Sparse Local Patch Transformer for Robust Face Alignment and Landmarks Inherent Relation Learning[CVPR2022]
paper: https://openaccess.thecvf.com/content/CVPR2022/papers/Xia_Sparse_Local_Patch_Transformer_for_Robust_Face_Alignment_and_Landmarks_CVPR_2022_paper.pdf
code: https://github.com/Jiahao-UTS/SLPT-master
动机
目前人脸对齐的方法已经取得很好的精度,但是大姿态、重度遮挡、光照变化的情况仍不能够被很好的处理。
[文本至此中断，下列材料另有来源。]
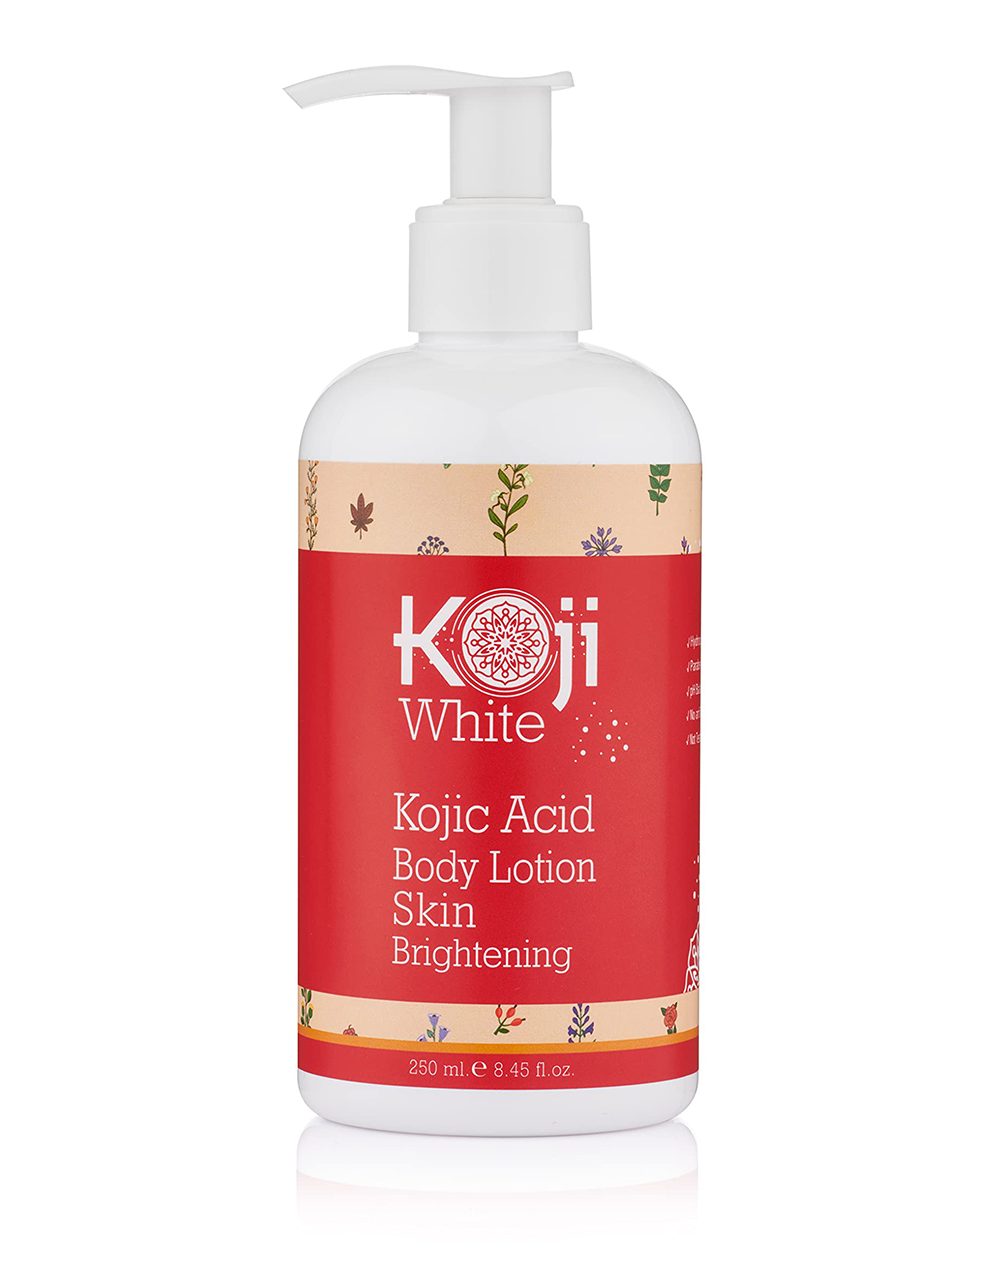 Sữa dưỡng thể trắng da nào tốt? Koji White Kojic Acid Skin Brightening Body Lotion.

人脸的面部具有一个regular structure(规则结构),也就是面部地标之间的内在关系,这在人脸对齐中起着重要的作用。虽然近年来热力图回归方法占据了人脸对齐区域的主导地位,但是基于热力图的方法有两点缺陷(原文+自己总结):
- 热力图回归的方式由于是单独回归每张关键点的热力图,所以在预测时缺失了关键点之间的内在关系;
- 从热力图到关键点坐标值是往往采取argmax来获取热力图中最大峰值坐标,由于这一步是不可微的,就不可避免的会引入量化误差。
坐标回归的方法具有学习关键点内在关系的固有潜力,因为最后一步在预测时往往是将全局特征输入至一个全连接层,然后对所有的关键点同时预测,这样可以考虑到关键点之间的内在关系。但是作者认为学习潜在关系应该与局部特征一起学习,但是目前回归的方法是直接将全局特征输入至全连接层中来预测关键点,这样就损失了局部外貌信息。
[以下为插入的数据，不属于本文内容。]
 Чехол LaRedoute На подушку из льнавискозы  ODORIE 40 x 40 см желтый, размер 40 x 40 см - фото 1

因此这篇文章提出了Sparse Local Patch Transformer (SLPT)方法来学习关键点之间的内在关系。此外,本文的网络还引入了一个从粗到细的框架与SLPT相结合,使初始地标利用动态调整大小的局部patch的细粒度特征逐渐收敛到目标面部地标。
总体框架
本文的模型框架如下,是一个从粗到细的过程,在模型代码中分成了三个阶段。首先使用HRNet预训练模型作为backbone提取图像特征,然后在每一个阶段将上一个阶段预测到的landmark作为输入(充当一个先验,在最开始阶段使用的是一个标准正面landmark坐标),将上一个阶段预测的landmark在feature map中提取出局部的patch,然后通过一个卷积层生成每个landmark的特征表示,在每一个阶段模型的Transformer的输出都是关键点在相应的local patch中的坐标,与原先的anchor坐标相加后,即得到了该阶段预测的landmark坐标。
模型的主要代码如下所示,添加了部分注释:
class Sparse_alignment_network(nn.Module):
def __init__(self, num_point, d_model, trainable,
return_interm_layers, dilation, nhead, feedforward_dim,
initial_path, cfg):
super(Sparse_alignment_network, self).__init__()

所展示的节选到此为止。